Thursday, February 18, 2016

Karl Rove is wrong about Donald Trump 2003 view on Iraq

Rove uses his regular Thursday slot in the Wall Street Journal to tackle Trump's repeated statements that he was against the 2003 invasion of Iraq. Here's part of Rove's argument --

Then on March 25, 2003, in an interview after the Oscars, he called the war “a mess” and said: “If they keep fighting it the way they did today, they’re going to have a real problem.” The key to understanding his statement is the phrase “the way they did today.” Mr. Trump had clearly heard about that day’s bloody, confused fighting in the battle for Nasiriyah, which ended a few days later with a complete U.S. victory.

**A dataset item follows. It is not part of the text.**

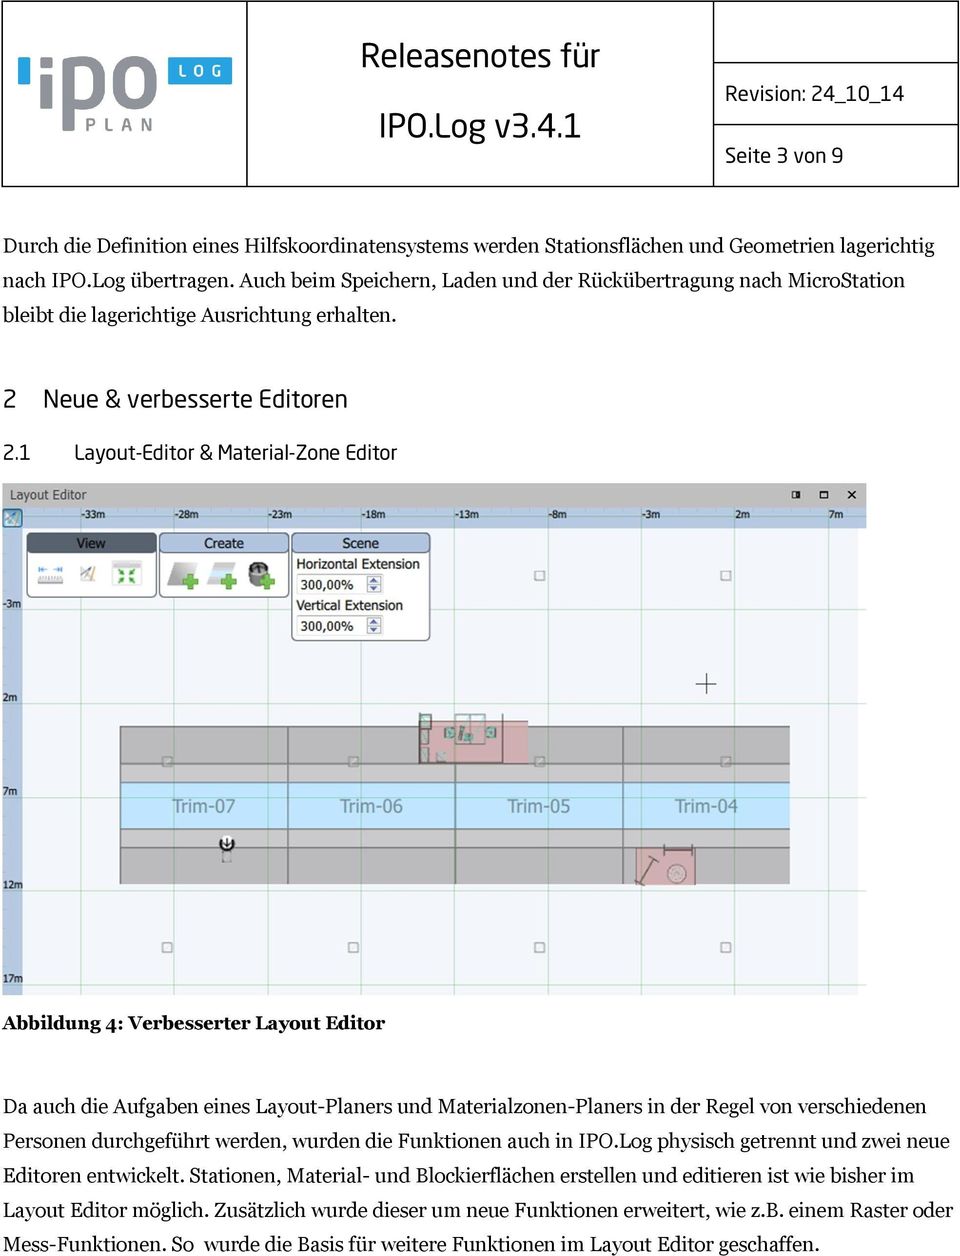 1 Layout-Editor & Material-Zone Editor Abbildung 4: Verbesserter Layout Editor Da auch die Aufgaben eines Layout-Planers und Materialzonen-Planers in der Regel von verschiedenen Personen durchgeführt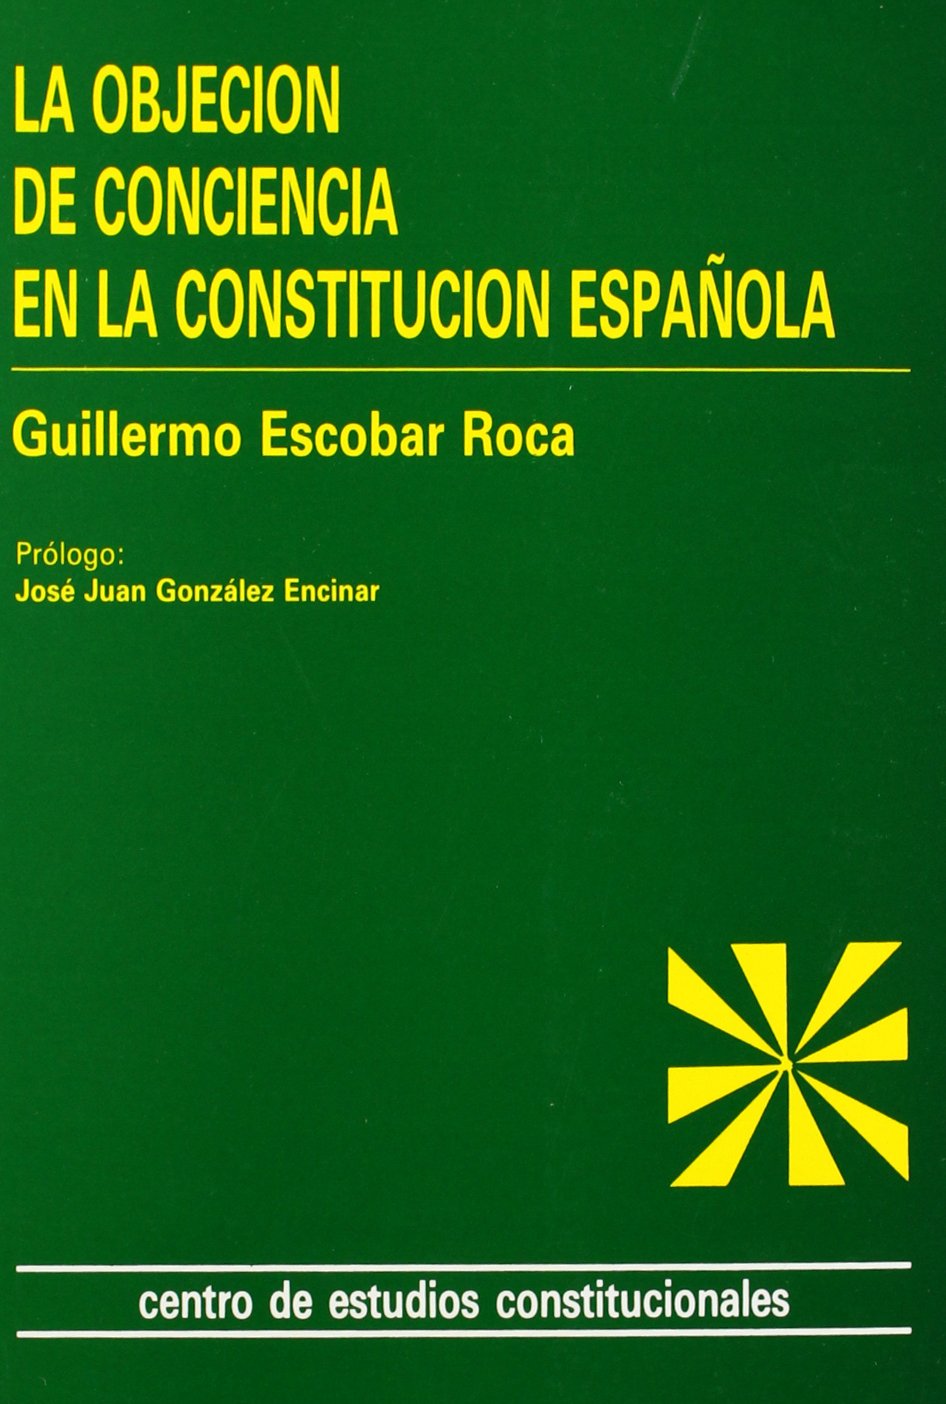 La objeción de conciencia en la Constitucion española

Now here's a description of people actually involved in the battle of Nasiriyah --

The Iraqi fighters consisted of the notorious Saddam Fedayeen, Al Quds, and Republican Guard Special Forces, as well as Iraqi regular army soldiers. An assault amphibious vehicle (AAV) company reinforced the battalion, thus every rifle company was mechanized. A reserve tank company also augmented the force and was utilized in the team mech and team tank task organization. The battalion was essentially road bound due to the consistently unreliable off-road terrain in the region. The first enemy fires were indicative of what was to come. Most of the enemy fighters were wearing civilian attire. They were employing mortars and machineguns from the roofs of mud huts in close proximity to civilians.

The battle did indeed end in a victory for US forces (and also uncorked the now long-forgotten Jessica Lynch frenzy) but look again the description of the Iraqi side: an ad hoc coalition of various regime elements, in civilian clothes and settings, and using mortars and guns rather than mechanised forces. In other words, a summary of what the US would be up against for the subsequent 5 years in Iraq.

Trump was right. Although Saddam's conventional defences would soon collapse, the irregular forces found techniques that made "the way they did today" ineffective and extraordinarily costly to the US.